(DATA begins)

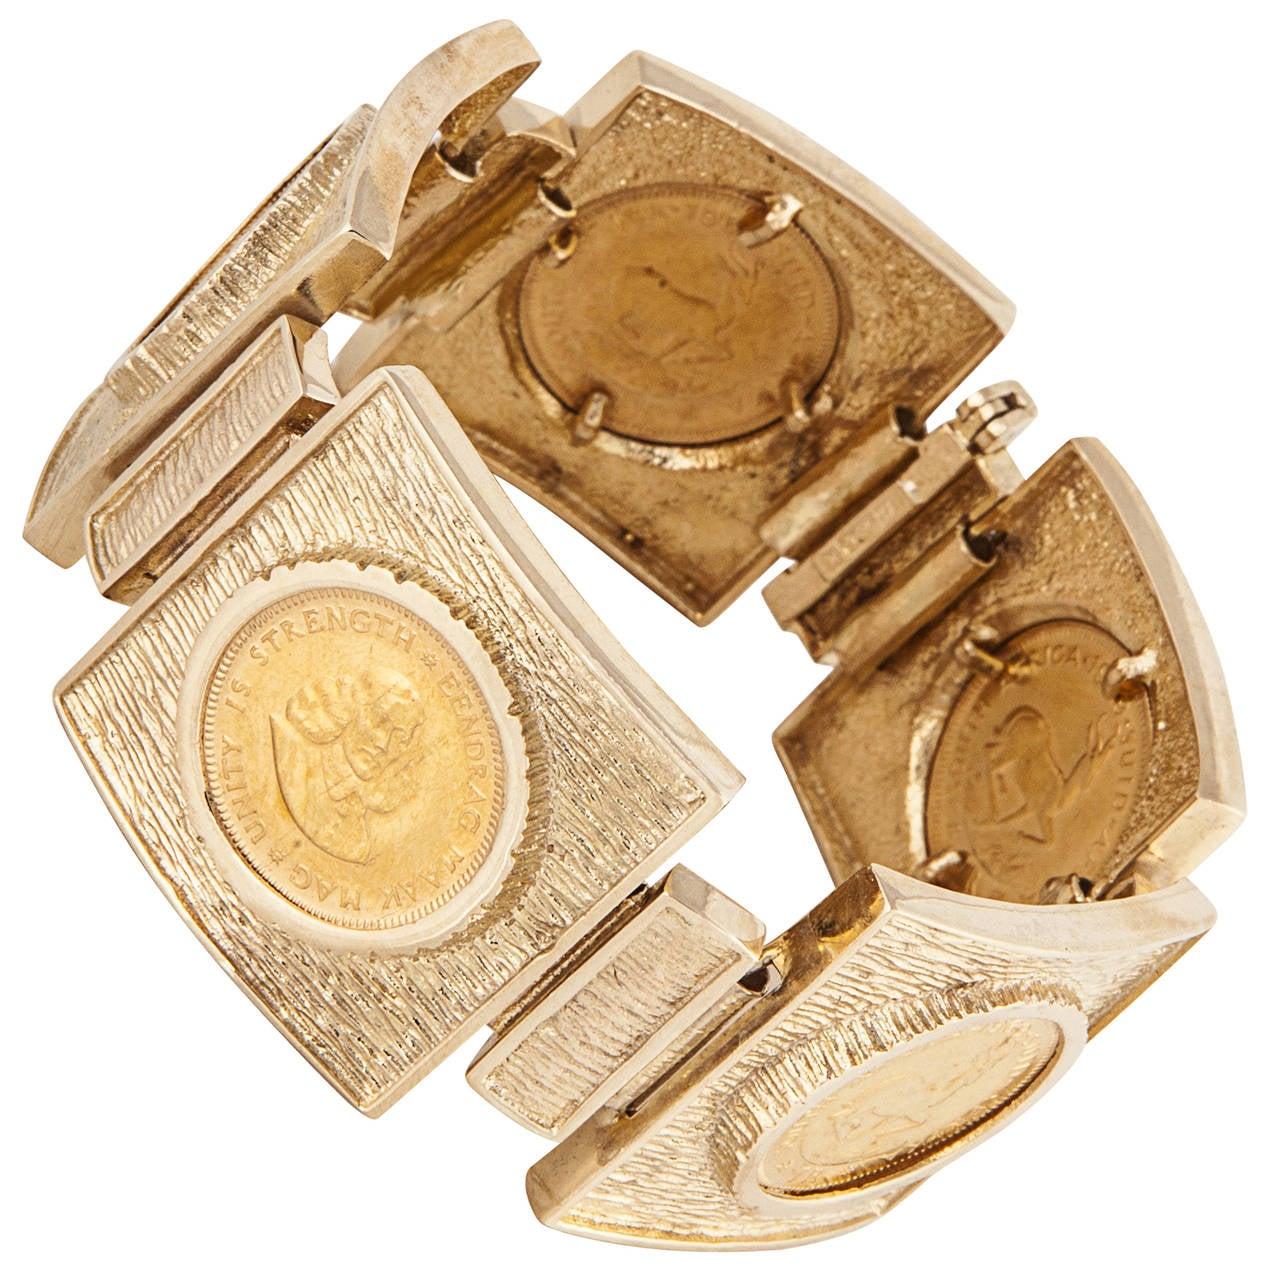 Gold Coin Bracelet With Krugerrands For
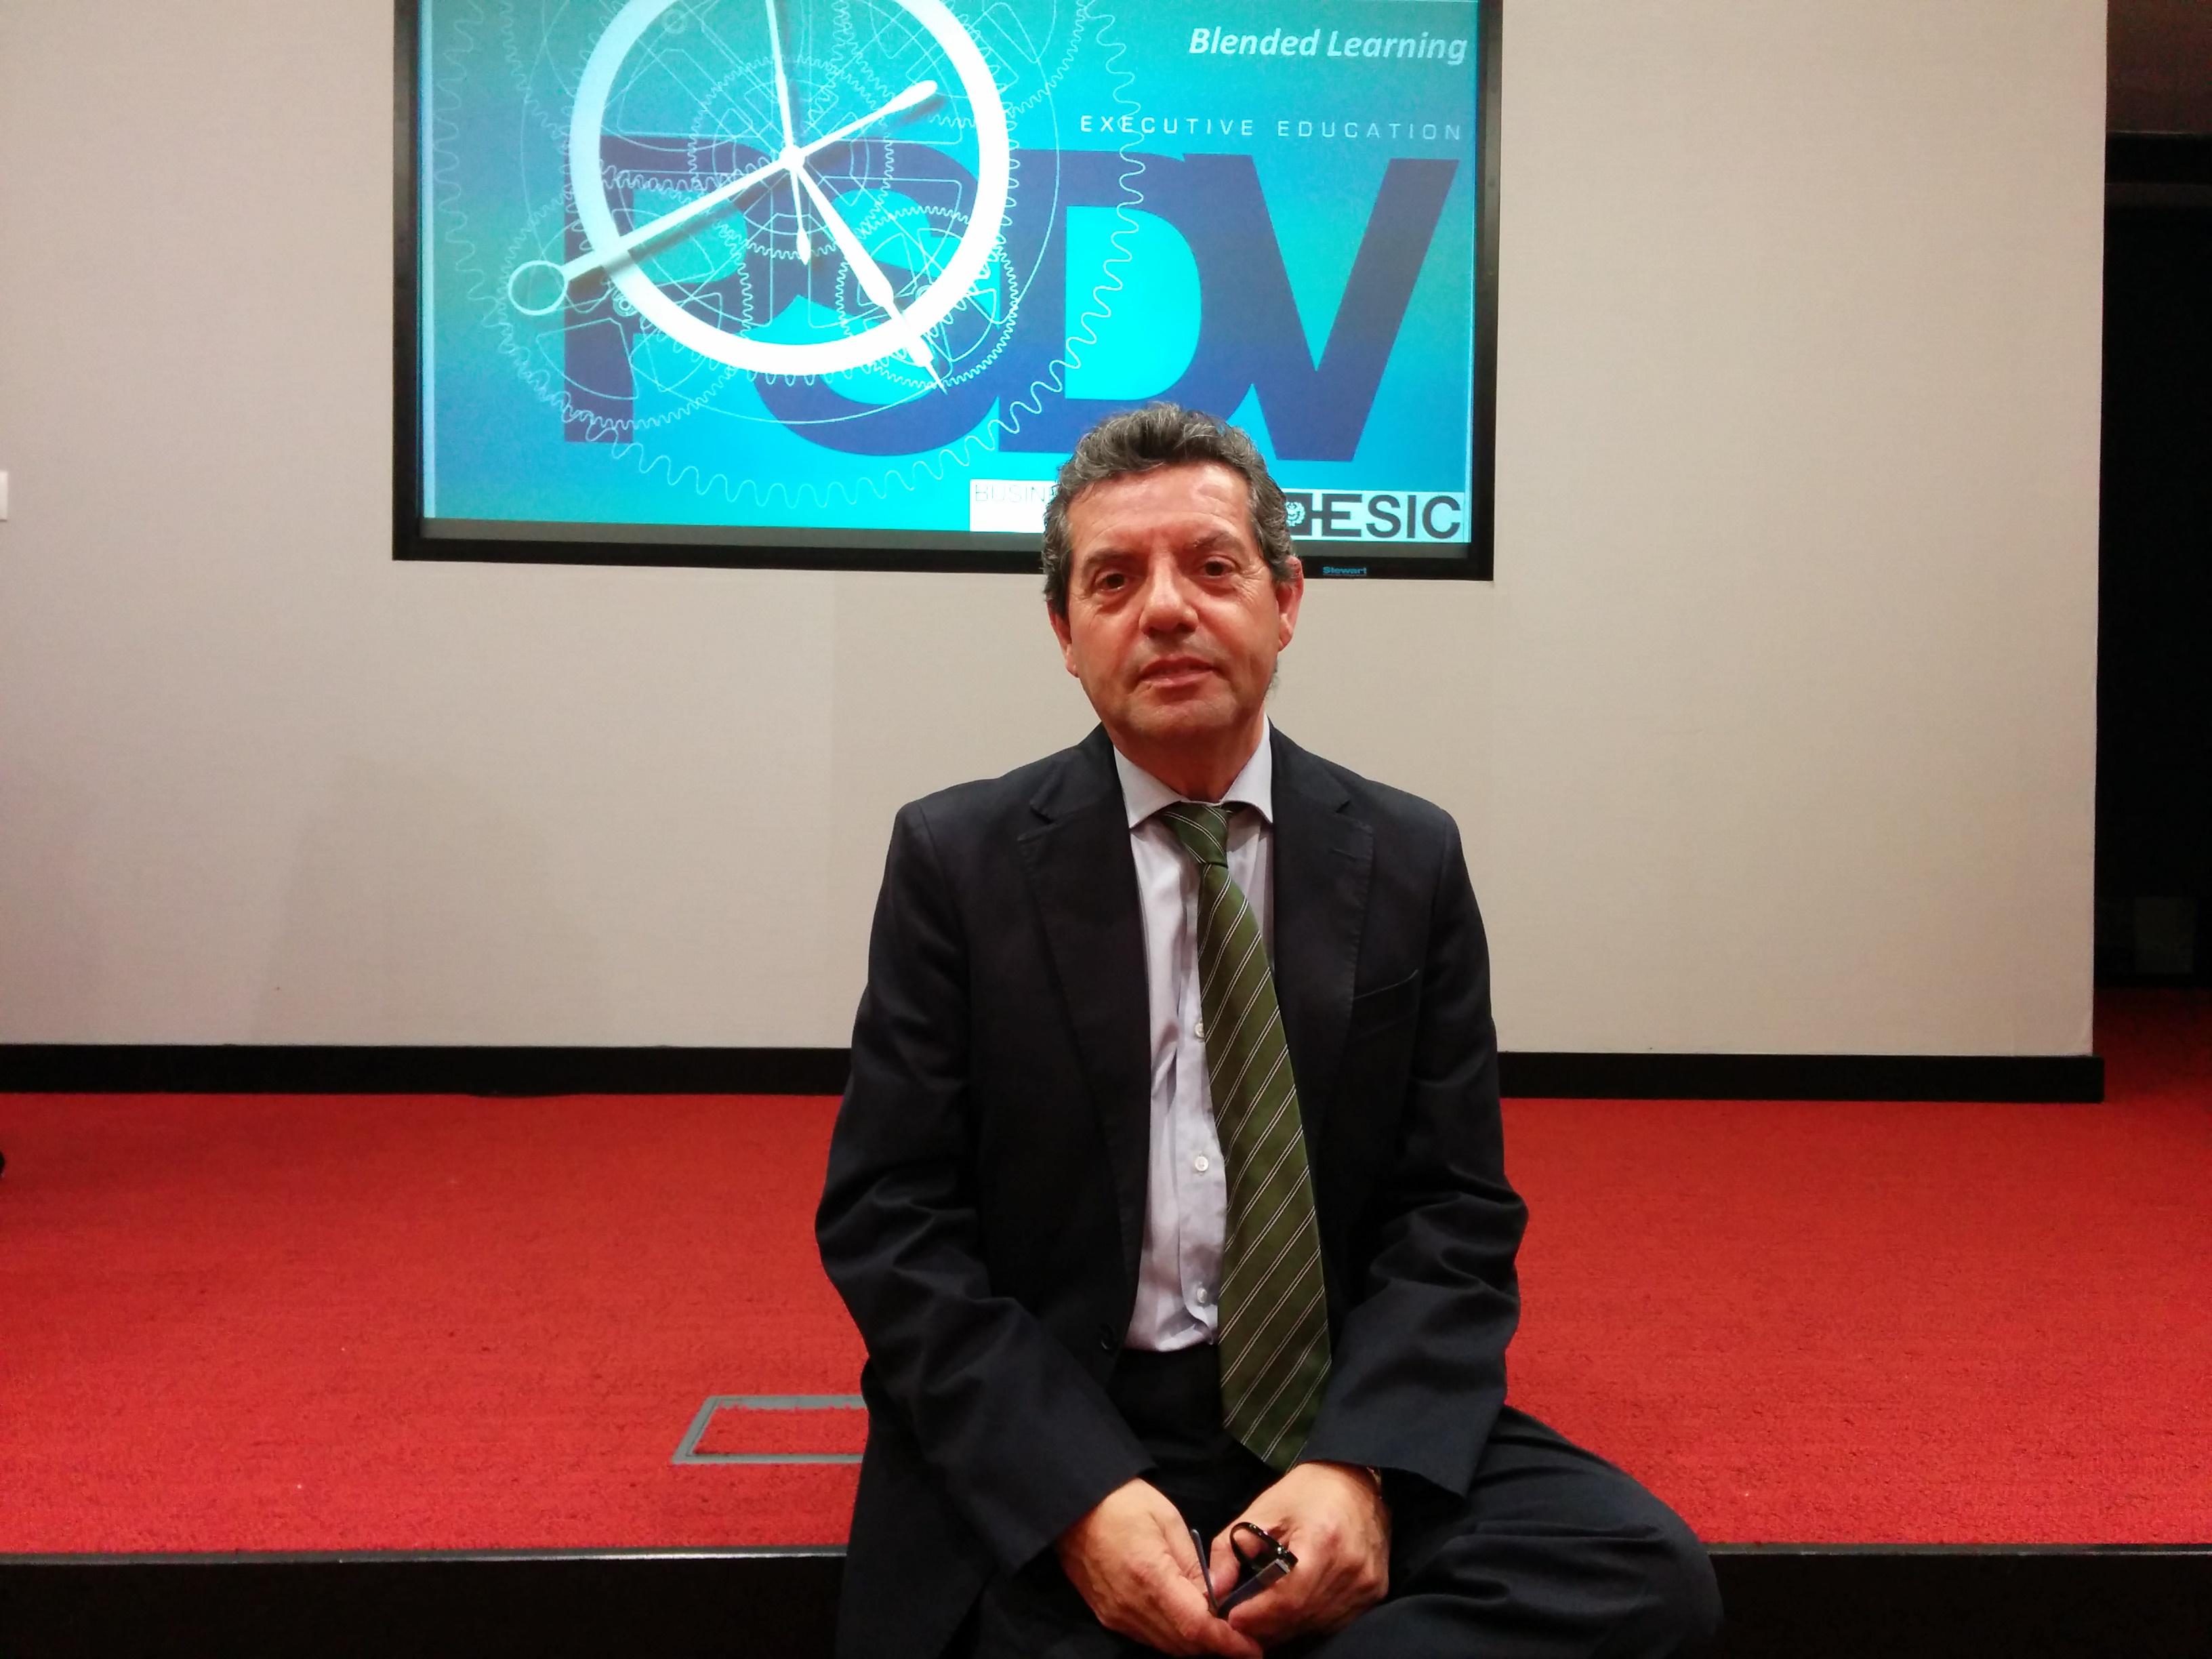 Doroteo González Pastor minutos antes de impartir la conferencia.
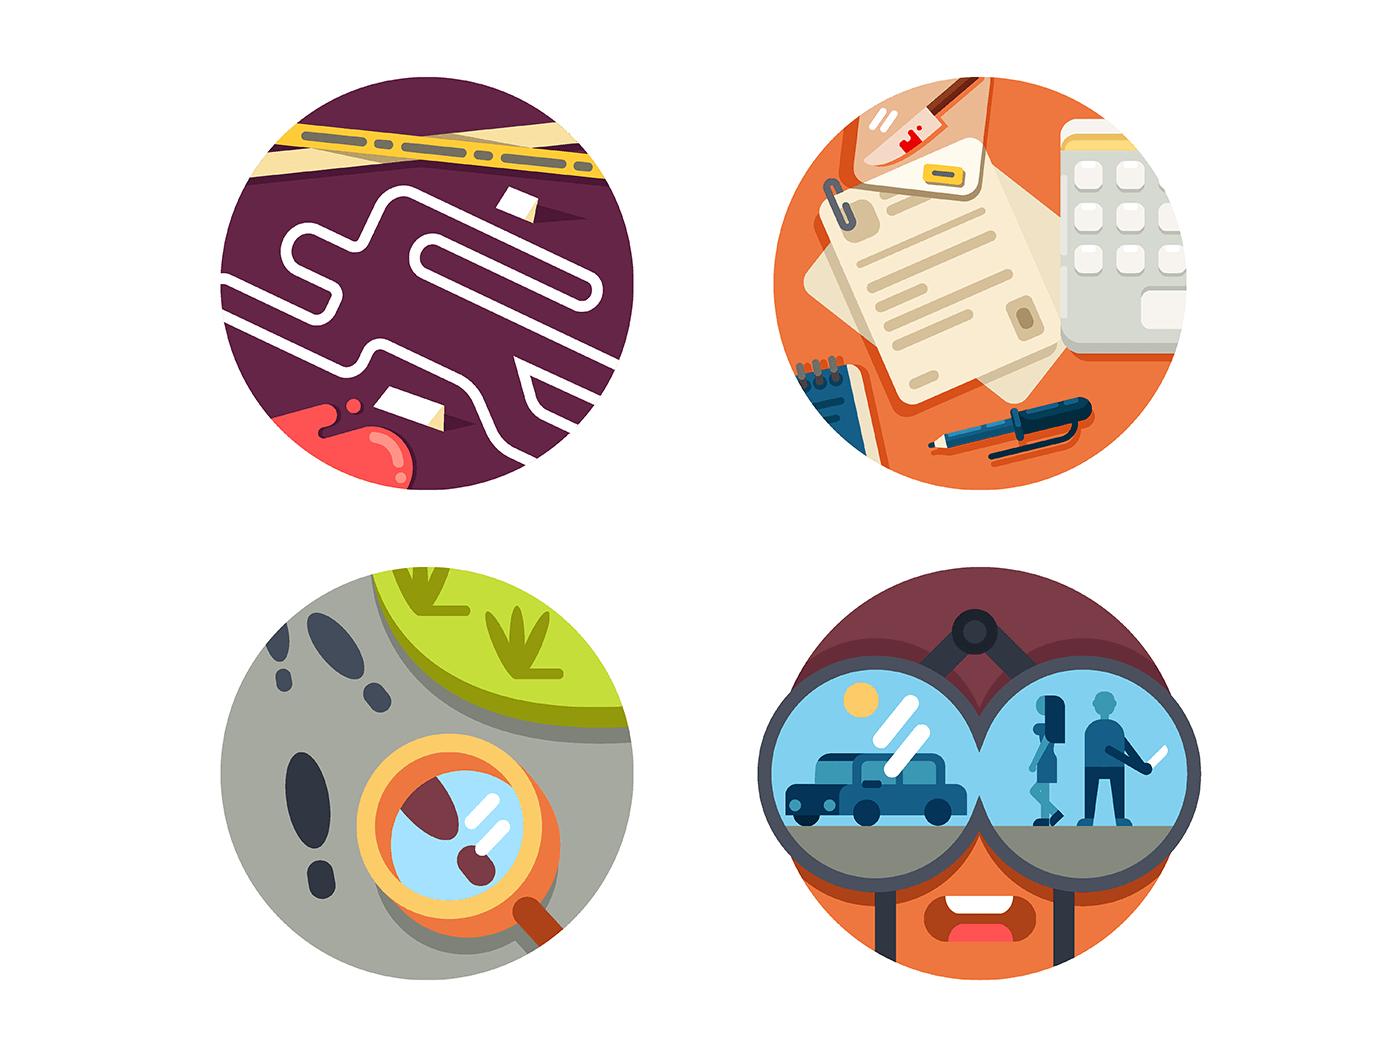 Detective set icons

(DATA ends)

◆ EXERCISE GOAL ◆
Every line from the one with "Doroteo González Pastor" through the last line of the data must be copied exactly. Leave the pictures out.

◆ TASK SOLUTION ◆
 Doroteo González Pastor minutos antes de impartir la conferencia.
 Detective set icons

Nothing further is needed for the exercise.